The change to `Graph.nodes` and `GraphExecutionState.results` validation requires some fanagling to get the OpenAPI schema generation to work. See new comments for a details.
We use pydantic to validate a union of valid invocations when instantiating a graph.
Previously, we constructed the union while creating the `Graph` class. This introduces a dependency on the order of imports.
For example, consider a setup where we have 3 invocations in the app:
- Python executes the module where `FirstInvocation` is defined, registering `FirstInvocation`.
- Python executes the module where `SecondInvocation` is defined, registering `SecondInvocation`.
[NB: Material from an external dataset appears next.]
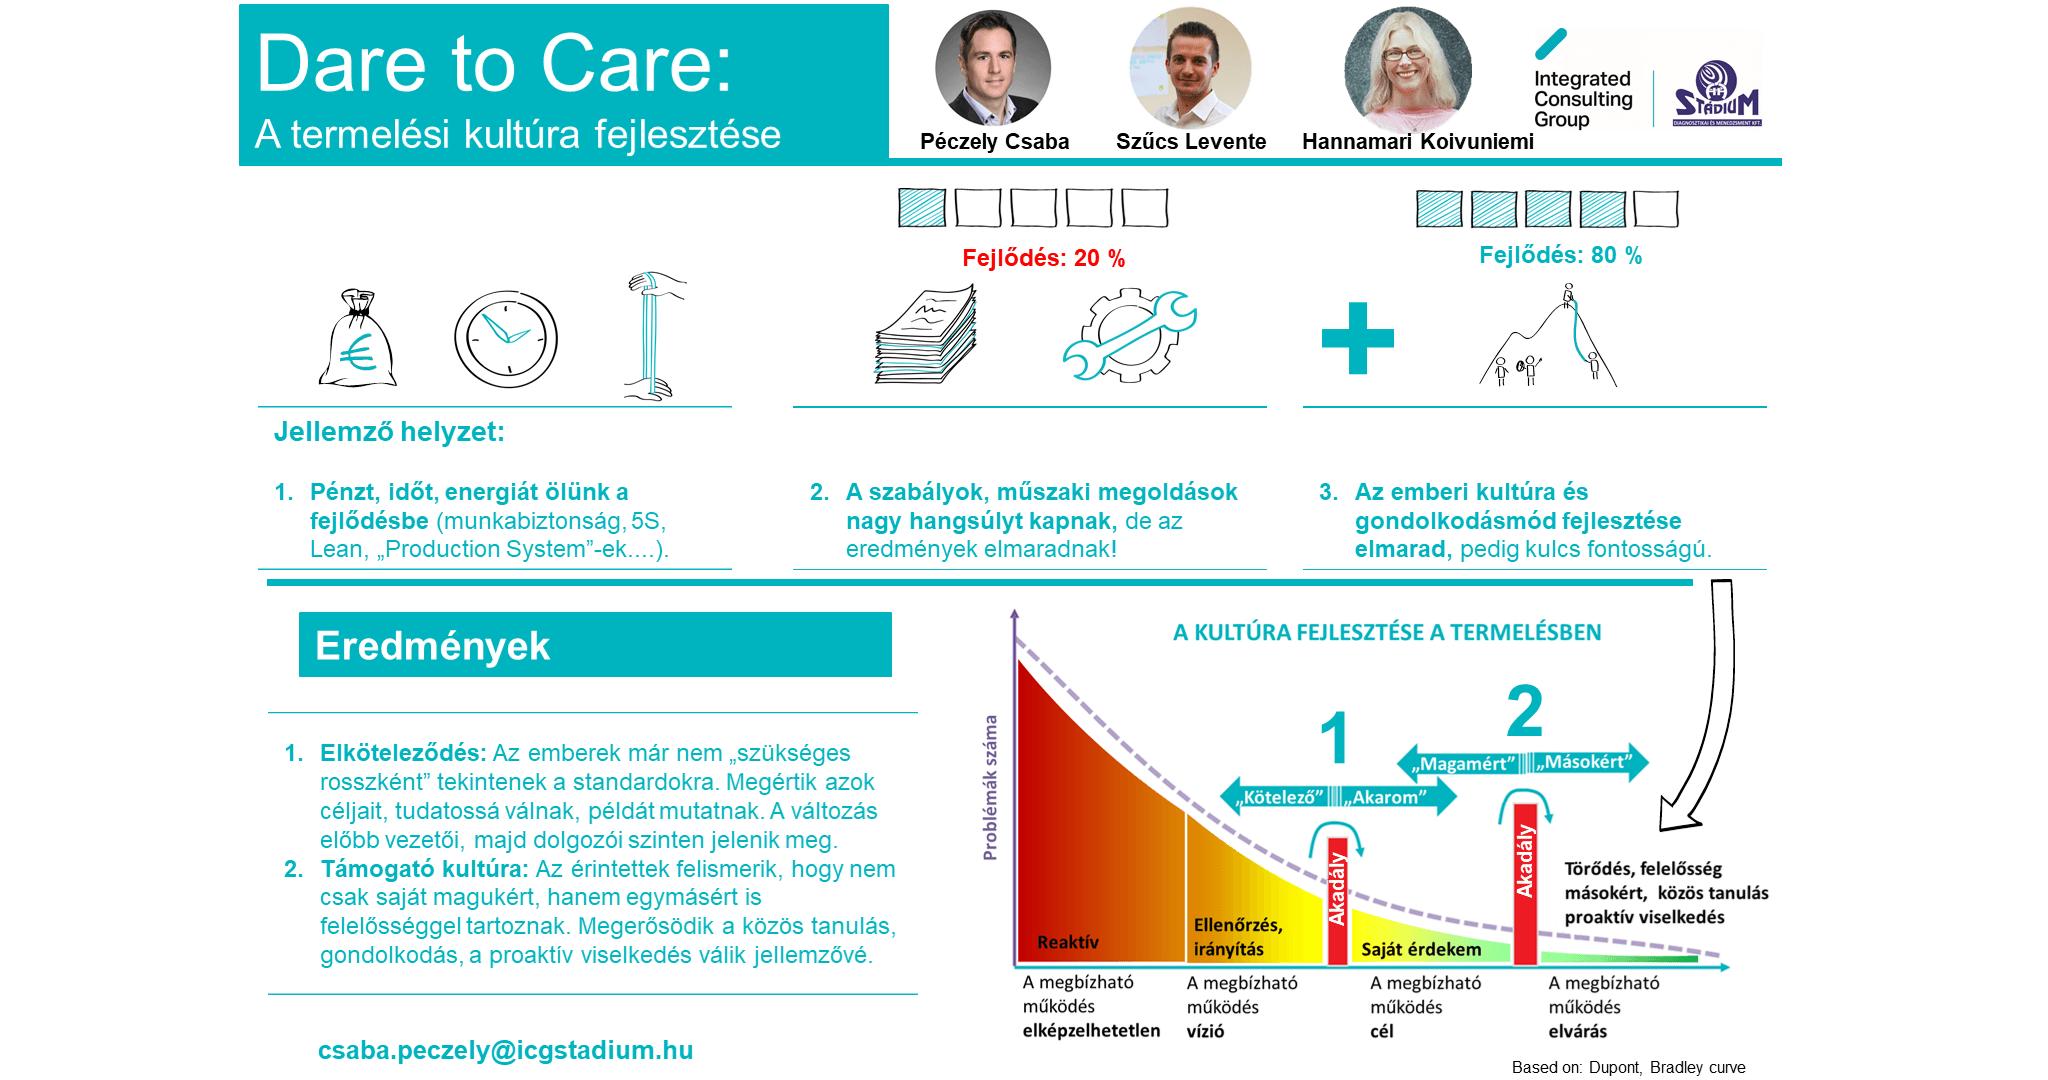 Dare to Care - A termelési kultúra fejlesztése

- Python executes the module where `Graph` is defined. A union of invocations is created and used to define the `Graph.nodes` field. The union contains `FirstInvocation` and `SecondInvocation`.
- Python executes the module where `ThirdInvocation` is defined, registering `ThirdInvocation`.
- A graph is created that includes `ThirdInvocation`. Pydantic validates the graph using the union, which does not know about `ThirdInvocation`, raising a `ValidationError` about an unknown invocation type.
This scenario has been particularly problematic in tests, where we may create invocations dynamically. The test files have to be structured in such a way that the imports happen in the right order. It's a major pain.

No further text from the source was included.